What Your Merchandising Tells Car Shoppers

Car shoppers want to see more photos and read more detailed sellers notes.  Period.  That’s the key insight we learned from our latest Voice of the Consumer survey.  If you needed another kick to update your vehicle merchandising strategy, let this be it.

In December 2016, we found that 87 percent of car shoppers surveyed said they are looking for cars for sale¹.  We also found that of that 87 percent, 55 percent of those surveyed are researching car pricing and 54 percent are comparing vehicles¹.  Knowing this, what role do you think your merchandising plays in influencing car shoppers to spend time on your VDPs?  Does your vehicle merchandising even entice consumers to send a traditional lead or encourage them to show up to the lot?  Take a step back and evaluate the photos you take of your inventory and the way you write your sellers notes for an effective, cohesive merchandising strategy.

Auto shoppers want real-time information.  We know from our own research that 63 percent of auto shoppers were still researching dealerships after showing up onto a dealer’s lot, and more than half of those visited additional dealerships based on what they found via their mobile devices².  Your merchandising can be a key influencer in helping car shoppers decide where and with whom to do business – and it may not be you.

What Do Car Shoppers Want, and What Can you Do?

Let’s talk specifics about what you can do to better merchandise for the in-market car shopper.  Cars.com continually takes consumer feedback into consideration for updates to the user experience.  A good deal of what we receive deals with available vehicle content.  Car shoppers are asking for more details about vehicles saying, “improve filter options by making dealers correctly load all details about the car.”  Additionally, we’ve heard that we should prioritize search results based on VDPs having full photos, sellers notes, and contact information.  Of course, we will never prioritize one dealer over another in a search.  But, these are responses to our question of how we should improve Cars.com, and it’s in dealers’ own power to do it while helping themselves.

If consumers are clamoring for more information on vehicles via photos, sellers notes, and contact information, it’s those dealers who take the time to merchandise thoroughly and creatively who are gaining in market share, growing their sales, and influencing people to show up on the lot.  It’s also those dealers who completely fill out all vehicle details and features sections on a VDP that can garner more attention from consumers online.

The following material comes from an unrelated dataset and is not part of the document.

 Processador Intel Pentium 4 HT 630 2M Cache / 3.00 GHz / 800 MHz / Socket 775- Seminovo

What can you do?  Dedicate resources to take quality photos of available inventory.  While we offer stock photos of new inventory, up to date pictures of vehicles can go a long way in satisfying car shoppers needs.  A well detailed, creative paragraph of sellers notes can also satisfy car shoppers and encourage them to contact the dealership with a phone call or email or even to show up on the lot.  Indeed, it’s those dealers that completely fill out all vehicle details and features sections that will benefit from consumers visiting Cars.com.  Those fields feed into the filters that car shoppers use to narrow down their search.  If you don’t have specifics on your vehicle filled out – you miss out!

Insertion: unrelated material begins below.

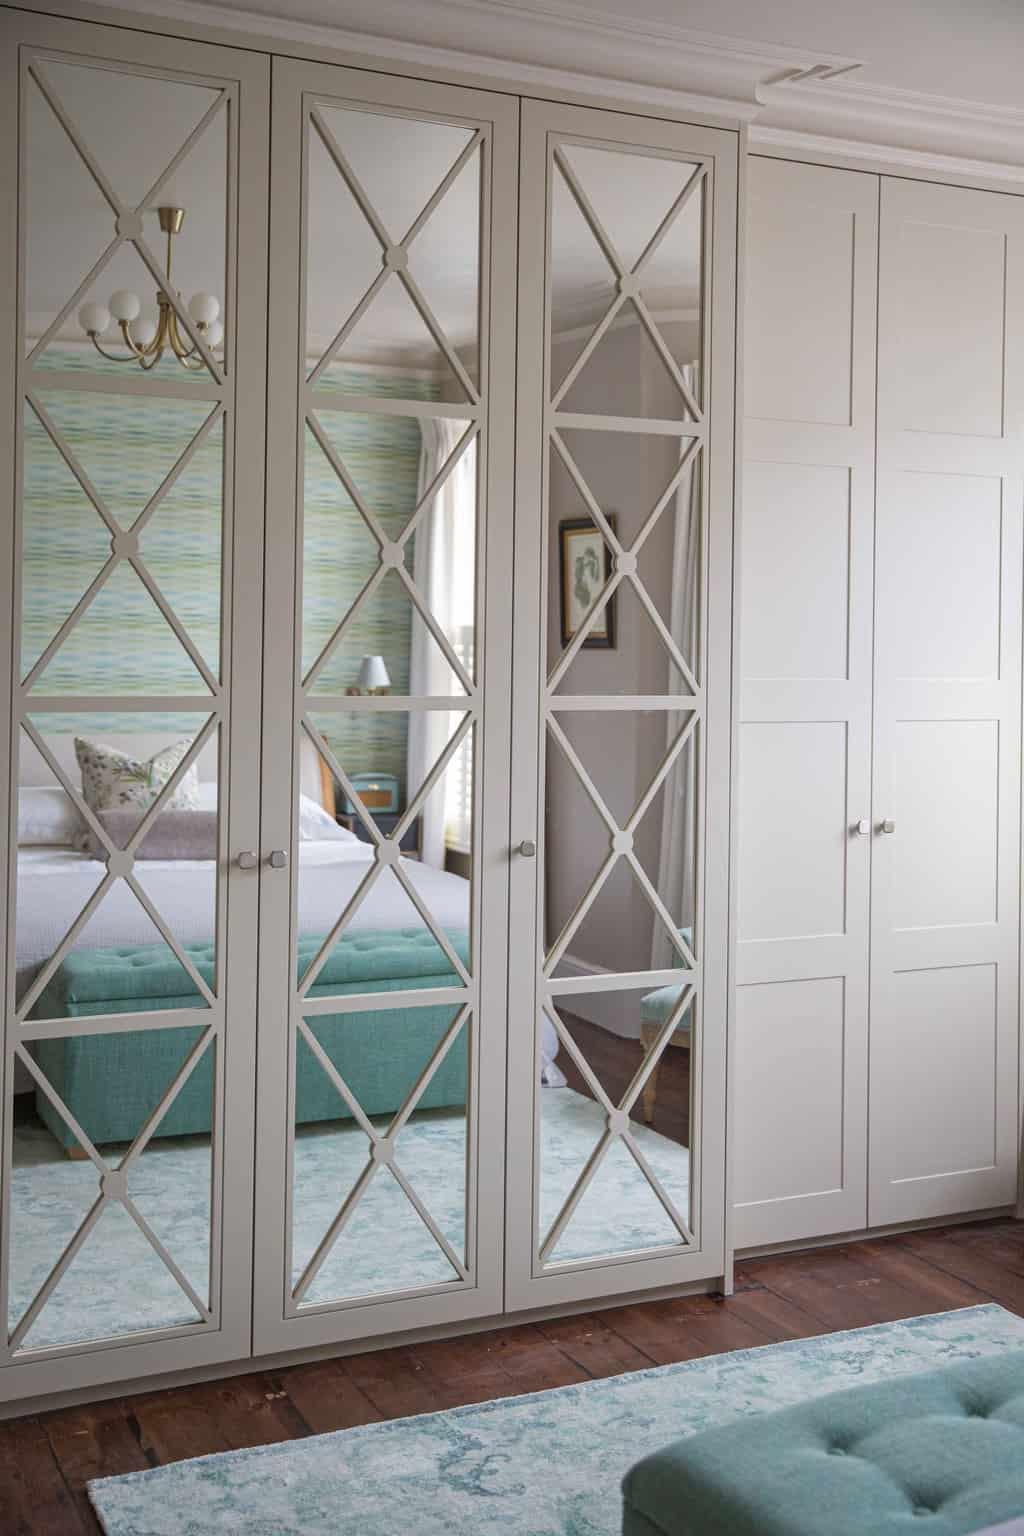 interior design, project management, house home refurbishment, renovation, extension, modernisation, balham, wandsworth

If the manpower doesn’t exist at your dealership to cover the volume of inventory, working with your DMS provider can lessen the burden.  Have the conversation with your DMS for more detailed photos taken more often and provide examples and guidelines for your sellers notes.

Consumers are asking for more detailed information on vehicles when they are researching.  If it comes down to a customer comparing one of your vehicles against a competitor who has more information on their VDPs, you may have lost them.

[1] Cars.com Insights, December, 2016.

[2] Behavioral Analytics on Mobile, Cars.com, Q3 2016.